Она молча следила за ним – ноздри ее осуждающе раздувались. Его жалкий жест не произвел на нее никакого впечатления.
– Слушай меня, Дмитрий, – сказала она ровным тихим голосом. – Внимательно слушай и постарайся понять. Если тебе хоть немножко дороги наши отношения и то, что между нами было, ты завтра пойдешь в Манеж и снимешь свою картину.
– Но как же так... – Кашин был, как оглушенный, – ты же мне позировала. Ты позировала художнику. А художники показывают свои картины. Так принято.
– Я сделала ошибку, – сказала она. – И теперь я хочу ее исправить. Я не хочу, чтобы Костя знал про нас. Он мне этого не простит. И тогда... тогда... – видно было, что Иветта подыскивает слово, которое не убило бы Кашина.
Он оценил ее усилия и, прежде чем она нашла искомое слово, сказал:
– Хорошо, я сделаю это. Но сейчас невозможно. Поздно. Все закрыто. Милиция. Сигнализация. А завтра утром...
Его била дрожь.
– Спасибо, – сказала она, и в глазах ее мелькнуло прежнее выражение, полное внимания и даже любви. – Ты действительно мой друг.
Однако дрожь не унималась – она переместилась куда-то внутрь, в самую середину его существа и целое мгновение она была сильнее его любви, была, как ненависть, и давала ему силы уйти. И если бы не эти ее слова, он бы, наверно, так и сделал. Он посмотрел на Иветту из того далека, где был свободен и неуязвим, но почувствовал, что уйти – глупо, потому что никакая картина не равна даже одному мгновению жизни, которую он сейчас проживал.

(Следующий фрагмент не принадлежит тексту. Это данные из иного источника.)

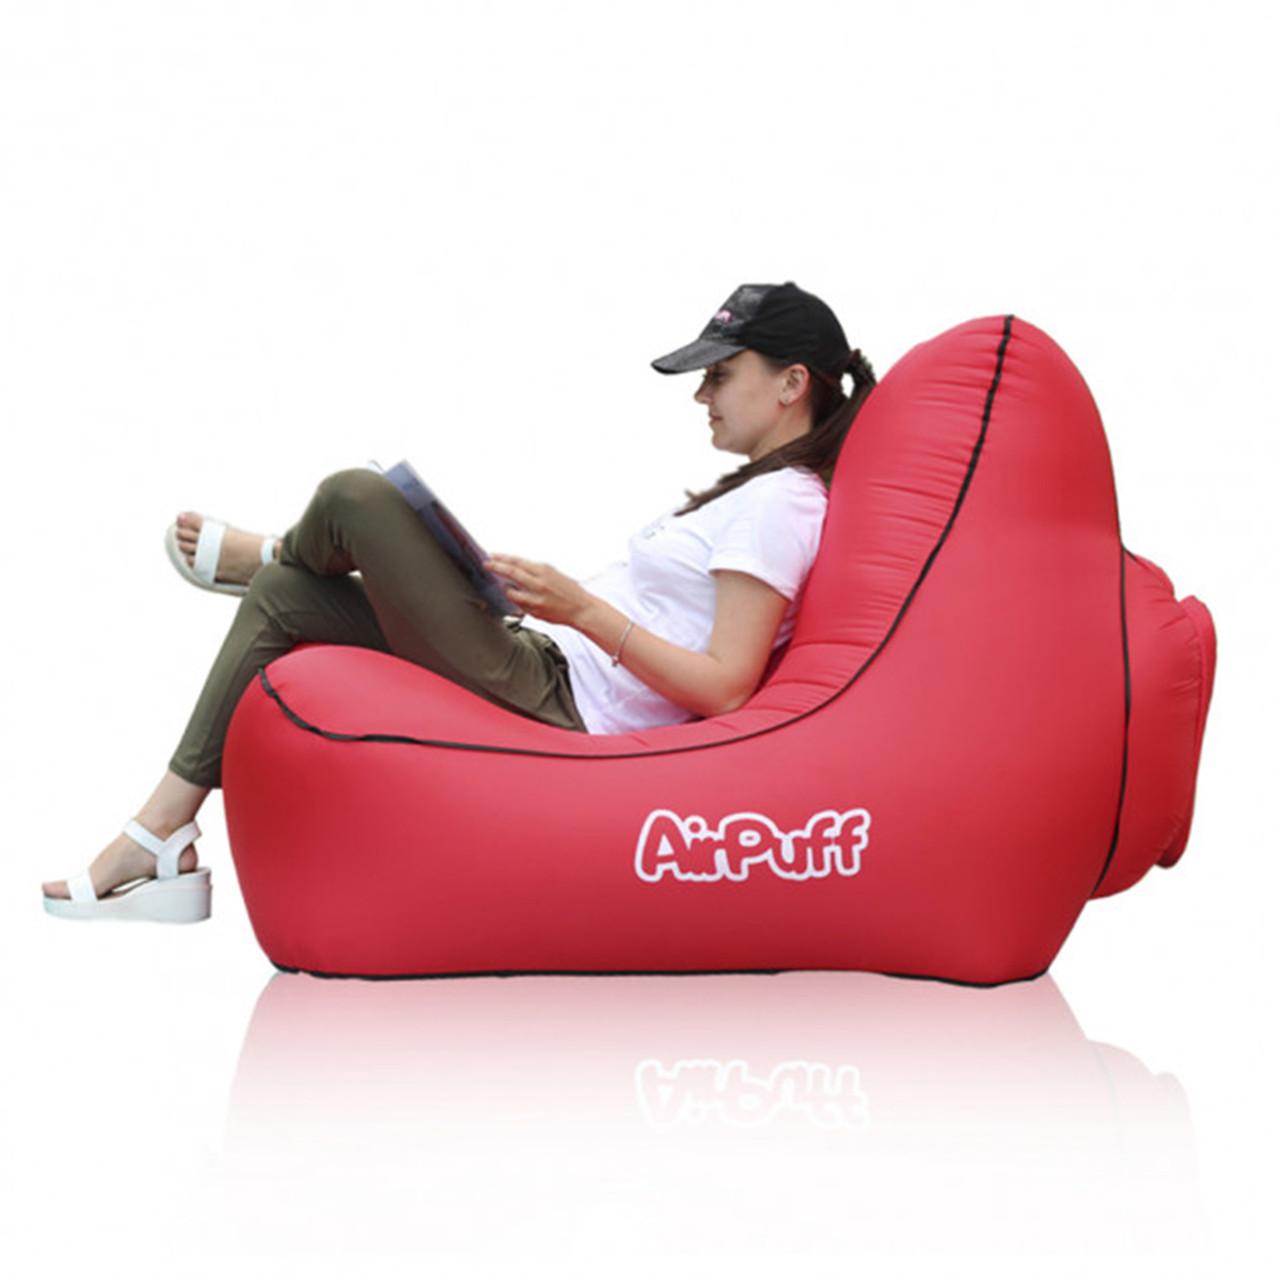 Надувний лежак крісло AirPuff для відпочинку на природі і пляжі (Red)

С сознанием исполненного долга он вернулся к креслу, сел, взял со стола сигареты и закурил, – ему нужна была разрядка после сильных чувств. Все это время Иветта продолжала пристально смотреть на него, словно ей было важно докопаться до сути. Он, наконец, поднял к ней лицо:
– Ну, так о чем мы говорили?
Он считал, что оплатил право быть с ней. Теперь-то она поймет, что значит для него.
– Мы говорили о Косте. О том, что он не должен видеть твою картину.
Она произнесла эти слова с выражением мягкой решимости, и окончательность этой решимости была беспощадна. Но чем яснее сознавал это Кашин, тем упрямее он вжимался в кресло, как если бы можно было материализоваться в предмет обстановки и остаться здесь навсегда. Будильник уже назойливо отстукивал первый час ночи, а Кашин, снова разговорившись, делал вид, что не замечает его. Возникла идея, что будет слишком поздно, когда он спохватится, – и тогда она оставит его у себя. И его увлеченность разговором росла по мере движения стрелок.
Но от нее не ускользнул его взгляд, брошенный на часы.
– Тебе не поздно?
– Нет, что ты, – беспечно ответил он, сделав вид, что не понял сути вопроса, и снова заговорил.
Теперь она слушала его не столь внимательно, словно обдумывала его ответ, – и выход был только в самой крайней заинтересованности предметом разговора. Но около часа ночи она прервала ток его слов:
– Тебе пора.
– О, господи! – оживился он, откровенно глянув на будильник, будто только что обнаружил его. – Кажется, я опоздал. Может, остаться, а? – и он заулыбался извиняющейся улыбкой.
Она сидела поодаль, скрестив руки на груди:
– Я вижу, ты задним умом крепок...
– Не надо так, – сказал он, резко вставая. Она была права, но тем сильней можно было оскорбиться.
– Прости, – сказала она.
– Я уеду, уеду, – засуетился он. – Сейчас. – Он полез в сумку и стал рыться в ней, выискивая записную книжку.
– Жаль, что я не договорился... – пробормотал он. Он достал книжку и растерянно листал ее, чувствуя взгляд Иветты. – Проезд Черепановых... не знаешь где?
Она тихо покачала головой, не отводя от него взгляда. Кашин был жалок и понимал это, но сознание, что ему придется уйти, было настолько мучительным, что унижение почти не чувствовалось.
– А метро у вас до которого часа?
– Такси возьмешь.
Он мгновенно широким оскорбленным взмахом оделся. Но снова сник, ослабел, подошел к ней, обнял за талию. Она не отстранилась.
– Если бы ты знала, как мне трудно сейчас уйти.
– Тебе придется.
– Мне негде ночевать.
– Ничем не могу тебе помочь.
– Да, да, я ухожу, ухожу, – забормотал он.
Она протянула ему на прощание руку, и взгляд ее голубых светлых глаз был полон сострадания.
– Прости, что намусорил, – сказал он, кивнув на обрывки снимка на полу.
В метро было абсолютно пусто, но лента эскалатора еще бежала вниз, и молодой милиционер, мгновение поколебавшись, пропустил его.